WHAT YOU ARE ASKED TO DO
Write each line exactly as it stands, from the line containing "Marvel Champions Hero Pack HULK" through the end of the data.

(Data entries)

▬▬▬▬▬▬

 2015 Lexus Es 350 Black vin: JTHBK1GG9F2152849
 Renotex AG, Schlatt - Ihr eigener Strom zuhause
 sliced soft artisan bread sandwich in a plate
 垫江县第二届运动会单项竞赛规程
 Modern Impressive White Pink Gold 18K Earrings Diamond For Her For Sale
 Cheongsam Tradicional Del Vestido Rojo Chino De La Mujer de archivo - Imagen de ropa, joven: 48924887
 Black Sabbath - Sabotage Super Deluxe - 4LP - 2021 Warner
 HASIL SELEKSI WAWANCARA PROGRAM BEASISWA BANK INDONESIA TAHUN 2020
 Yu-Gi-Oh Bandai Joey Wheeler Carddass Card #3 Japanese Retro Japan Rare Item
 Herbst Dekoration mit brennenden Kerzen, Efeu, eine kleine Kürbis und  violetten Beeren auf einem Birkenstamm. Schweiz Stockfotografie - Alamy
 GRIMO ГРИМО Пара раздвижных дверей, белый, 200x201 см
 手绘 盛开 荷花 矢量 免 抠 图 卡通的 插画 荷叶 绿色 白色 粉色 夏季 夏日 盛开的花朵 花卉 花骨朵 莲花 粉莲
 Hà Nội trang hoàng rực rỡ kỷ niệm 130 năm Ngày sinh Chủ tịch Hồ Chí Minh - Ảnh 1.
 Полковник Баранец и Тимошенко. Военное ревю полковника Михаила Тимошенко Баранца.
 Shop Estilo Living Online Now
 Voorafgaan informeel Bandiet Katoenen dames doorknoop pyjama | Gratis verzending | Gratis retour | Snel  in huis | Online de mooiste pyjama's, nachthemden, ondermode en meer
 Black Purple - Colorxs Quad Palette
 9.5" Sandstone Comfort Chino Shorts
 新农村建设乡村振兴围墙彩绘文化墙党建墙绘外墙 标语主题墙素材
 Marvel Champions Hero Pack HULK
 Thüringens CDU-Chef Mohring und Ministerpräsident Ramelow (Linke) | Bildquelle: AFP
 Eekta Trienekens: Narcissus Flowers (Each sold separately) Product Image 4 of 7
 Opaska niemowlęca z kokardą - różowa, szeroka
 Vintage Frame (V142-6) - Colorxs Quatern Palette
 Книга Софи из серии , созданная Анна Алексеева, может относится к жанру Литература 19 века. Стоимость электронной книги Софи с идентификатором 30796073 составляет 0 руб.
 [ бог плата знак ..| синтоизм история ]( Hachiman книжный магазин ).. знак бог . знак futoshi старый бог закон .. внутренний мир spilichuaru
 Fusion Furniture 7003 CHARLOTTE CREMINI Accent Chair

▬▬▬▬▬▬

RESULT OF THE EXERCISE
 Marvel Champions Hero Pack HULK
 Thüringens CDU-Chef Mohring und Ministerpräsident Ramelow (Linke) | Bildquelle: AFP
 Eekta Trienekens: Narcissus Flowers (Each sold separately) Product Image 4 of 7
 Opaska niemowlęca z kokardą - różowa, szeroka
 Vintage Frame (V142-6) - Colorxs Quatern Palette
 Книга Софи из серии , созданная Анна Алексеева, может относится к жанру Литература 19 века. Стоимость электронной книги Софи с идентификатором 30796073 составляет 0 руб.
 [ бог плата знак ..| синтоизм история ]( Hachiman книжный магазин ).. знак бог . знак futoshi старый бог закон .. внутренний мир spilichuaru
 Fusion Furniture 7003 CHARLOTTE CREMINI Accent Chair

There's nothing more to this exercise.